OTTAWA, Jan. 16, 2017 /CNW/ - Continued economic challenges across the country have organizations on both sides of the bargaining table concerned with job security and managing costs this year, according to The Conference Board of Canada's Industrial Relations Outlook 2017.
"Despite sluggish economic growth and the impending expiration of a number of collective agreements, few work stoppages are expected in 2017 as many unions and employers appear prepared to work together where necessary to maximize benefits for employees," said Allison Cowan, Director, Leadership and Human Resources Research, The Conference Board of Canada.
- Top negotiating issues for employers in 2017 are wages, productivity, organizational change, and health benefits, while for labour, top issues are wages, employment security, and health benefits.
- Unions continue to work to engage younger workers and are increasingly using social media for outreach.
- Employers are focusing on fiscal restraint and affordability, and are looking to maximize productivity and accommodate employee needs while adapting to the economic climate.
Consistent with previous years, the labour relations environment remains fixed on wages for 2017. As a result, employers will be looking to shift pay and pension structures to rein in costs and maintain quality jobs for new and existing employees. Specific changes being sought by some unions include minimum hours, a higher minimum wage, and a reduction in the use of two-tier wage structures.
Overall, modest wage settlements of 1.5 per cent are projected for unionized employees in both the public and private sectors in 2017. Beyond wages, employers are looking to increase diversity in their workforces and manage potential labour shortages - for example, in the skilled trades.

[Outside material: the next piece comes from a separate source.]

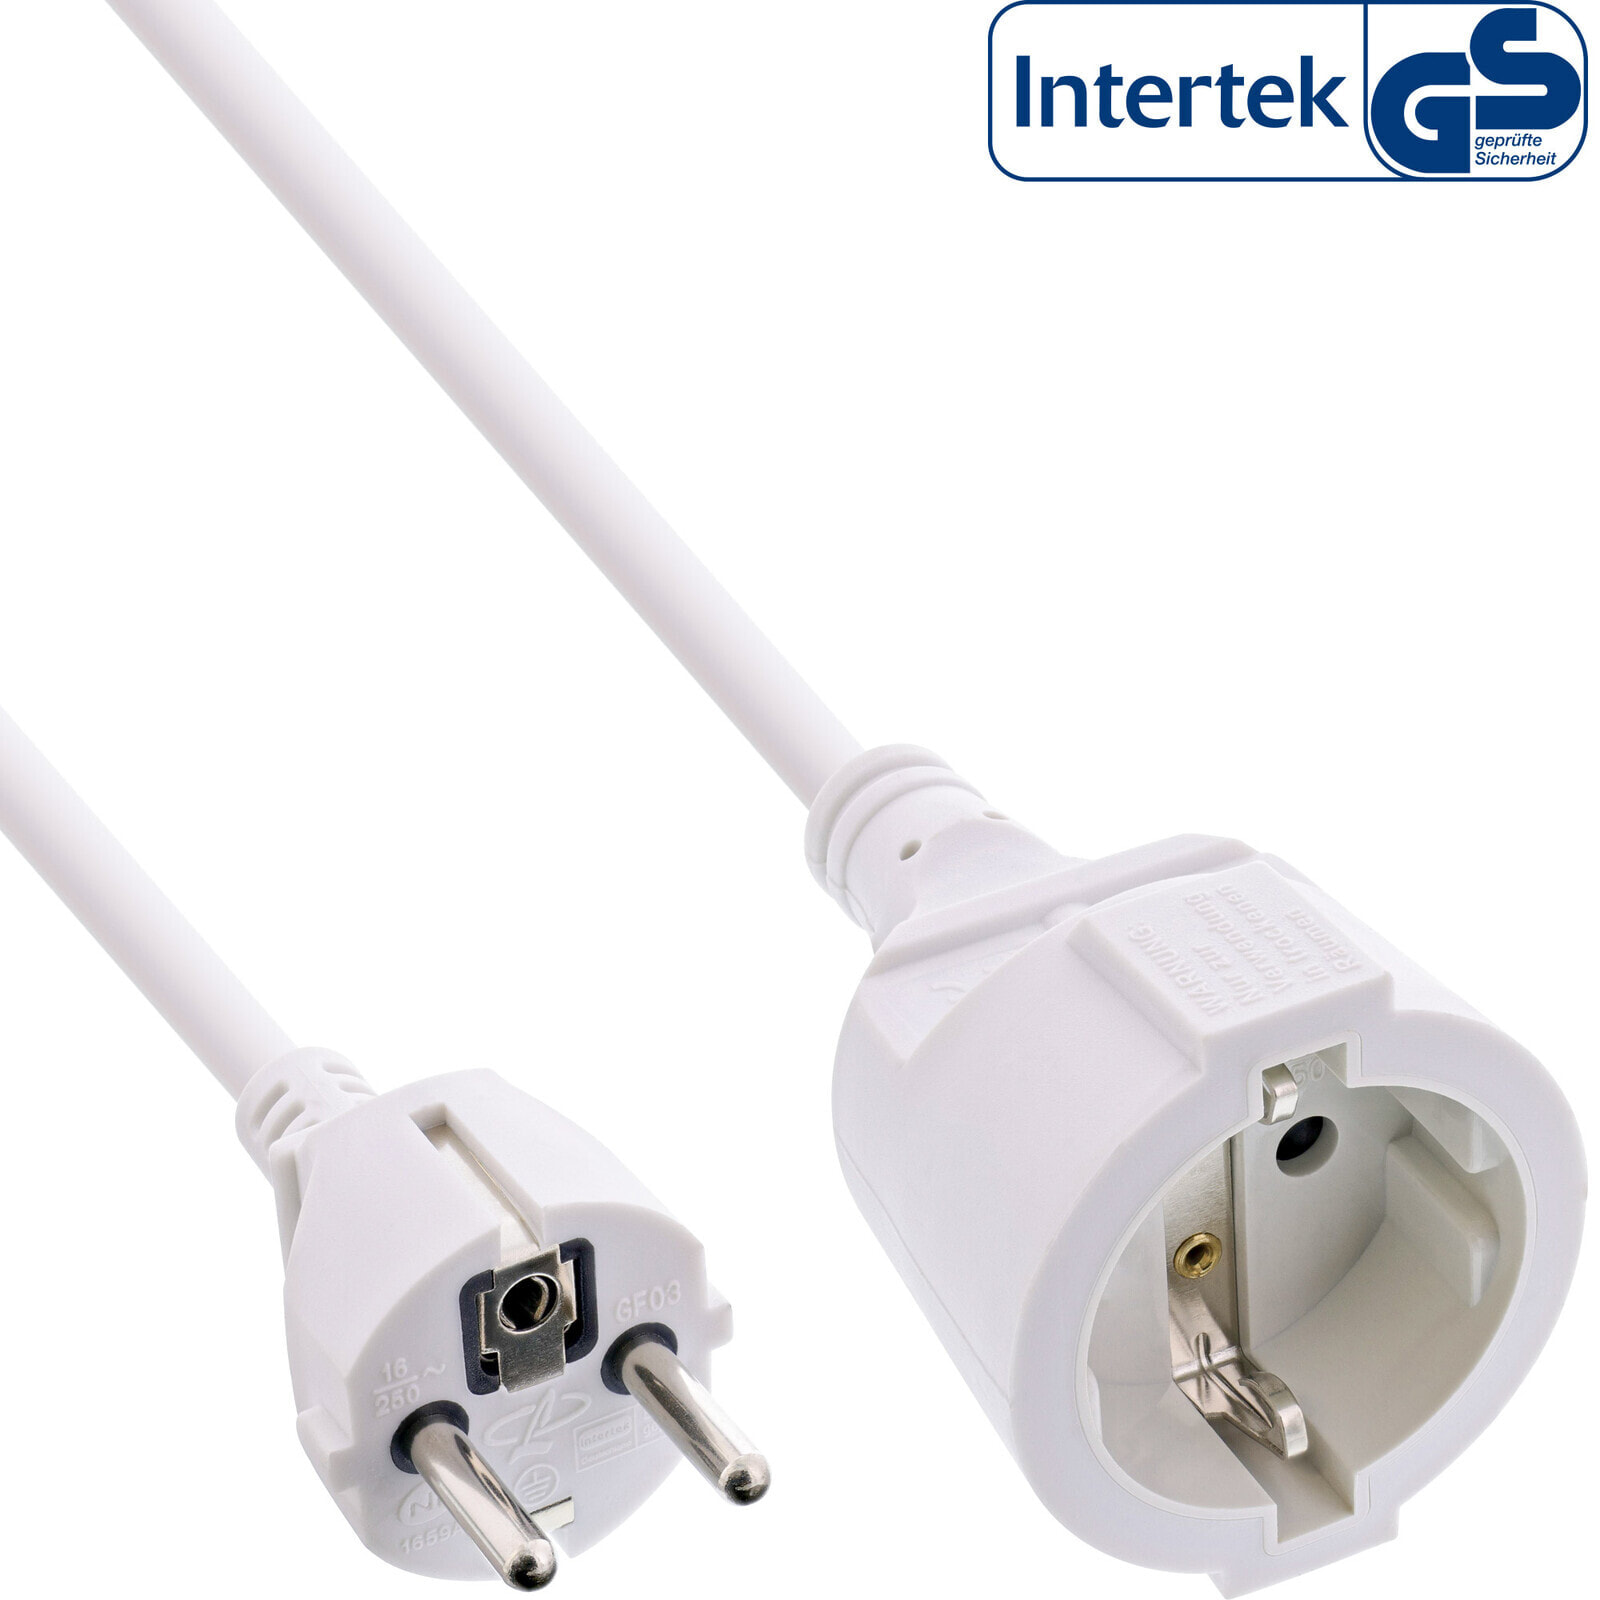 InLine Power extension cable - white - 10m

Unions are expressing concern about the precarious nature of many positions in an increasingly service-oriented economy. Unions are also working to engage youth in the labour movement and provide education on the benefits of unionization while adapting to challenges brought on by technological change. Both employers and unions are increasingly using social media to reach this critical group of workers.
The annual Industrial Relations Outlook, published by The Conference Board of Canada, provides a comprehensive overview of issues that may influence labour relations and collective bargaining in Canada over the coming year. The outlook is based on Conference Board of Canada research and the proceedings of an annual roundtable among senior leaders from both labour and management.